У меня кружится голова. – Ты глазел на декольте моей женщины?– — рычу я, снова переключаясь на итальянский.

– Нет, совсем нет. Назарио делает шаг назад и откашливается. – Мой отец хотел, чтобы я передал послание. Около недели назад в Палермо были найдены мертвыми несколько бойцов Коза Ностры, у них отсутствовали языки. Папа был обеспокоен тем, что ты, возможно, имел к этому какое-то отношение.

– Ой? Он поделился своими опасениями с доном?

– Да. Калоджеро заверил его, что их убила банда из Трапани. Он наклоняет голову, глядя на меня с подозрением. — Значит, это все-таки не твоя работа?

– Я бы убил людей моего крестного отца только в том случае, если бы он нарушил условия нашего соглашения. Но дон никогда не пойдет против своего слова, не так ли?

– Конечно, нет.– Он кивает, и его голос становится ниже. – Но если что-нибудь подобное когда-нибудь произойдет, мой отец хотел бы узнать об этом первым.

– Ну, дайте знать младшему боссу, что я буду иметь это в виду. Я крепче хватаю Василису за талию и подхожу к стойке. – Пойдем выпьем.

img_3.jpeg

– Мармеладный мишка?– — спрашивает Рафаэль, когда мы подходим к бару.

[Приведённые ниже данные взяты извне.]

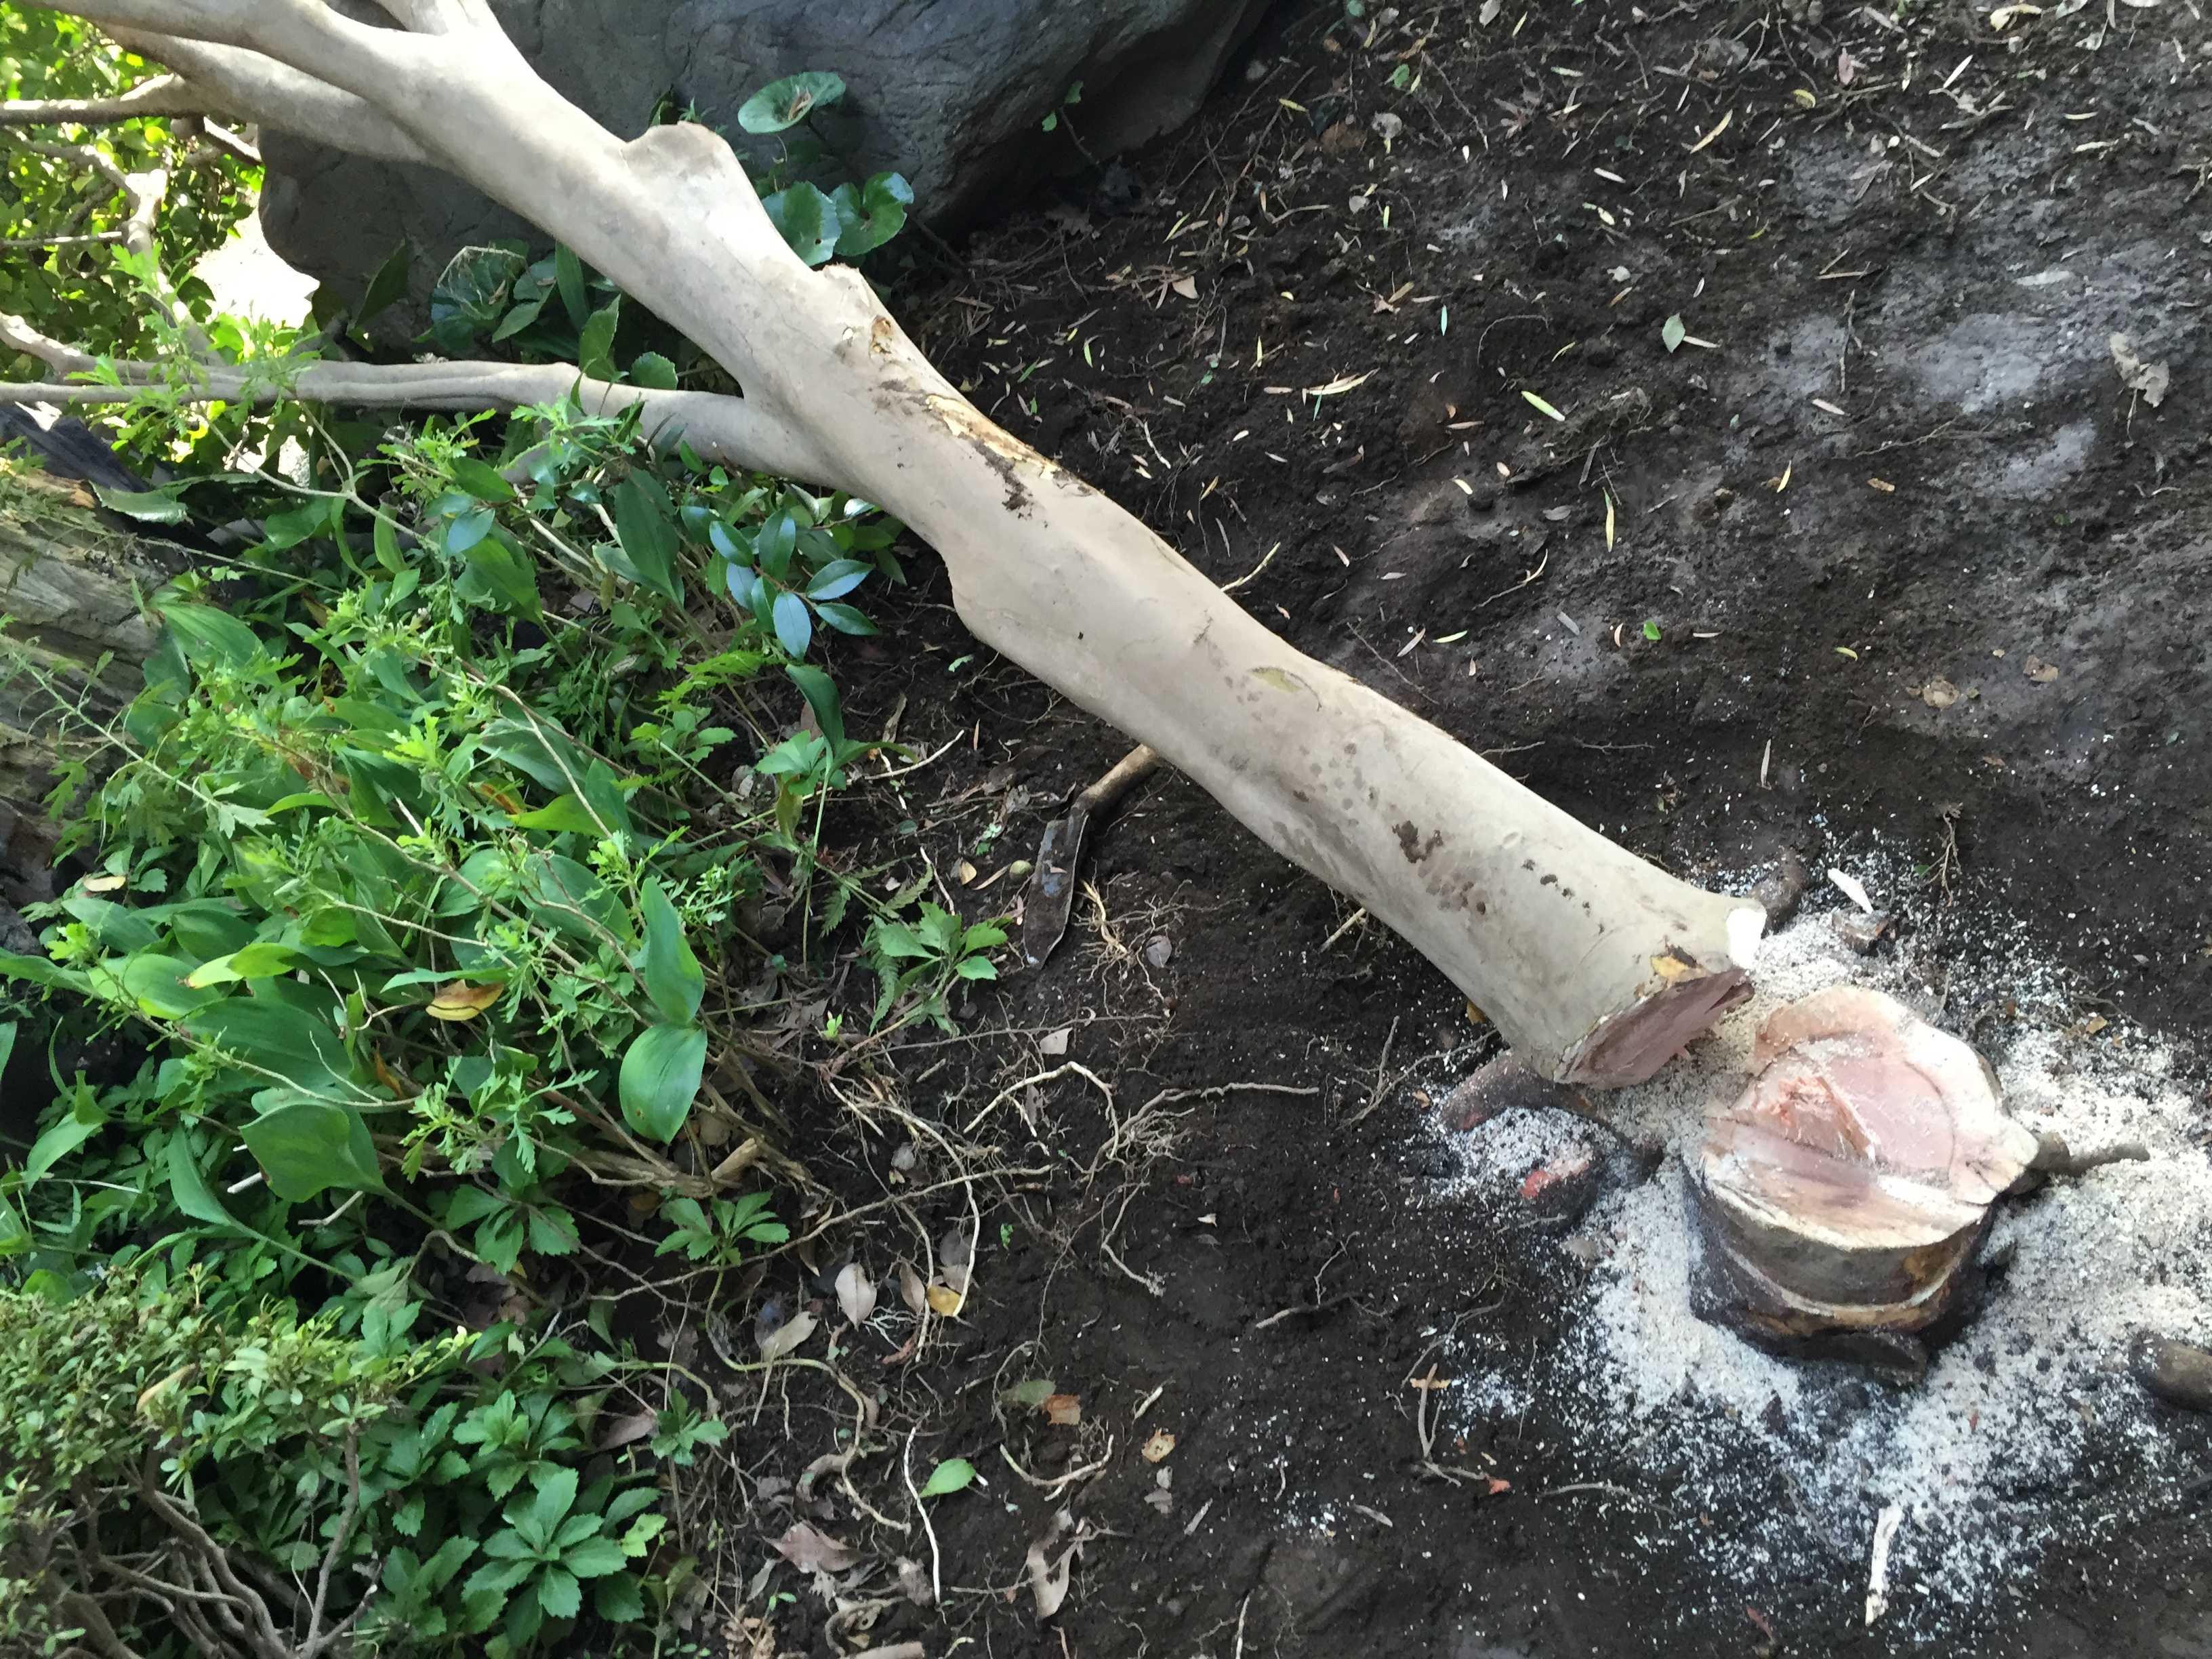 切り倒した椿(つばき)の木

– Похоже, подходящее название для глазной сладости. Я пожимаю плечами. – О чем была эта дискуссия? Это звучало довольно серьёзно.

– Назарио тонко сообщил мне, что мой крестный отец, похоже, теряет поддержку некоторых членов Коза Ностры.

– Они собираются отстранить его от власти?–

— Если он облажается, то да. Он передает мне напиток, поданный ему барменом.

– В мире Коза Ностры никогда не бывает недостатка в драме. Я делаю глоток напитка. – Виноградный сок? Действительно?–

– Я заметил, что алкоголь тебе не нравится. Он кладет руку мне на поясницу и ведет нас обратно к смешавшейся толпе.

Эта коктейльная вечеринка проходит в вестибюле старинного здания. Большое фойе имеет куполообразный потолок, украшенный замысловатыми нарисованными вручную сценами, изображающими пышные райские сады. Сложные детали повсюду — стены, колонны, инкрустация из цветного мрамора.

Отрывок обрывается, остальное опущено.